The Blue House in October 2018 said that North Korean leader Kim Jong-un had invited Pope Francis to visit Pyongyang. Korean President Moon Jae-in later that month conveyed the message to the pope in a visit to the Vatican. The pontiff replied that he would visit North Korea but would want an official invitation from Kim.
 
North Korea and the Vatican do not have formal diplomatic relations.
 
Tuesday marks the third anniversary of the Panmunjom Declaration signed on April 27, 2018, after the first summit between Moon and Kim at the inter-Korean truce village which led way to the first North-U.S. summit in Singapore that June.
 
However, with a standstill in denuclearization talks since the collapse of the second North-U.S. summit in Hanoi, Vietnam, in February 2019, talks of a papal visit fizzled though the pope has been a staunch supporter of peace on the peninsula and has continued to relay his hopes to visit Pyongyang someday.
 
The pope also thanked the Daejeon diocese for donating $460,000 to the Vatican after holding a campaign since last November to aid countries in need of Covid-19 vaccines, said You. 
 
Aid to the Church in Need, a pontifical foundation, released a religious freedom report last week that described North Korea and China as the worst offenders of religious freedom in Asia.
 
The Religious Freedom in the World Report 2021 described in its executive summary, “In China and North Korea, which are the worst offenders in the red category, religious freedom is non-existent, as are the majority of human rights.”
 
The report added, “In North Korea, no fundamental human rights are acknowledged and the regime targets any group that challenges the personality cult of Kim Jong-un’s rule — although the treatment of Christians is particularly severe.
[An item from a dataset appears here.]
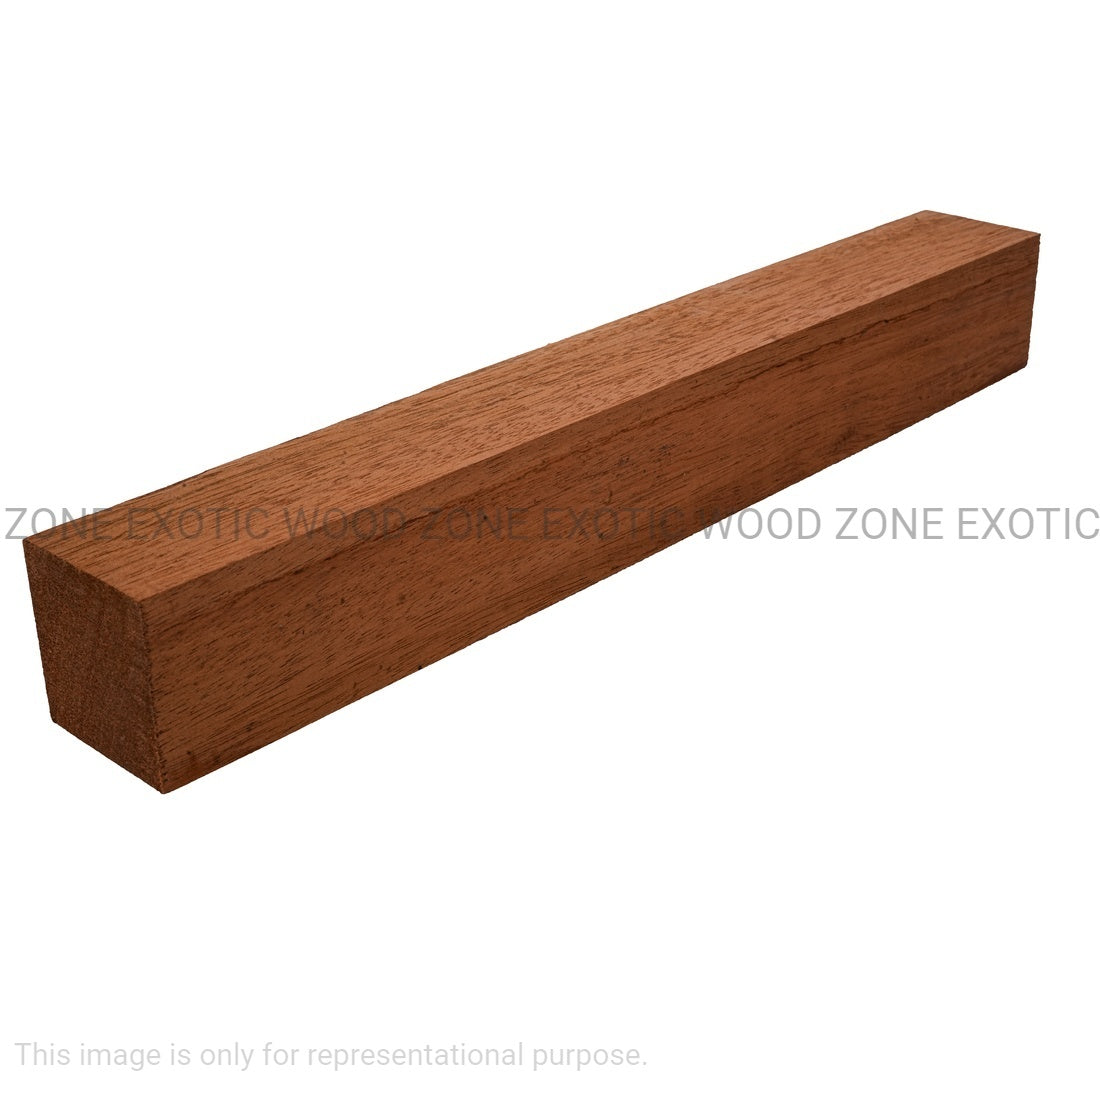 Combo Pack 5, Genuine Honduran Mahogany Turning Blanks 18” x 2” x 2” - Exotic Wood Zone - Buy online Across USA

In this regard, the regime can be defined as ‘exterminationist.’”
 
The report’s section on North Korea notes that the inter-Korean talks and summits between Kim and then-U.S. President Donald Trump “brought some hope for a possible thawing of relations,” but added that “with no further rapprochement and no tangible long-term policy changes in the North, aspirations for any further opening have faded.”
 
It noted that on Oct 18, 2018, “President Moon Jae-in conveyed a handwritten letter from North Korean leader Kim Jong-un to Pope Francis, inviting him to visit Pyongyang.”  
 
However, the report concluded that despite the overtures, “Only in the case of profound and lasting political and social reforms, or regime change, can any improvements in human rights, and progress in the area of freedom of religion or belief, be expected.”
 
Pope Francis visited South Korea in 2014, his first trip to Asia since he took papacy, and beatified 124 South Korean Catholic martyrs and prayed for unification on the peninsula.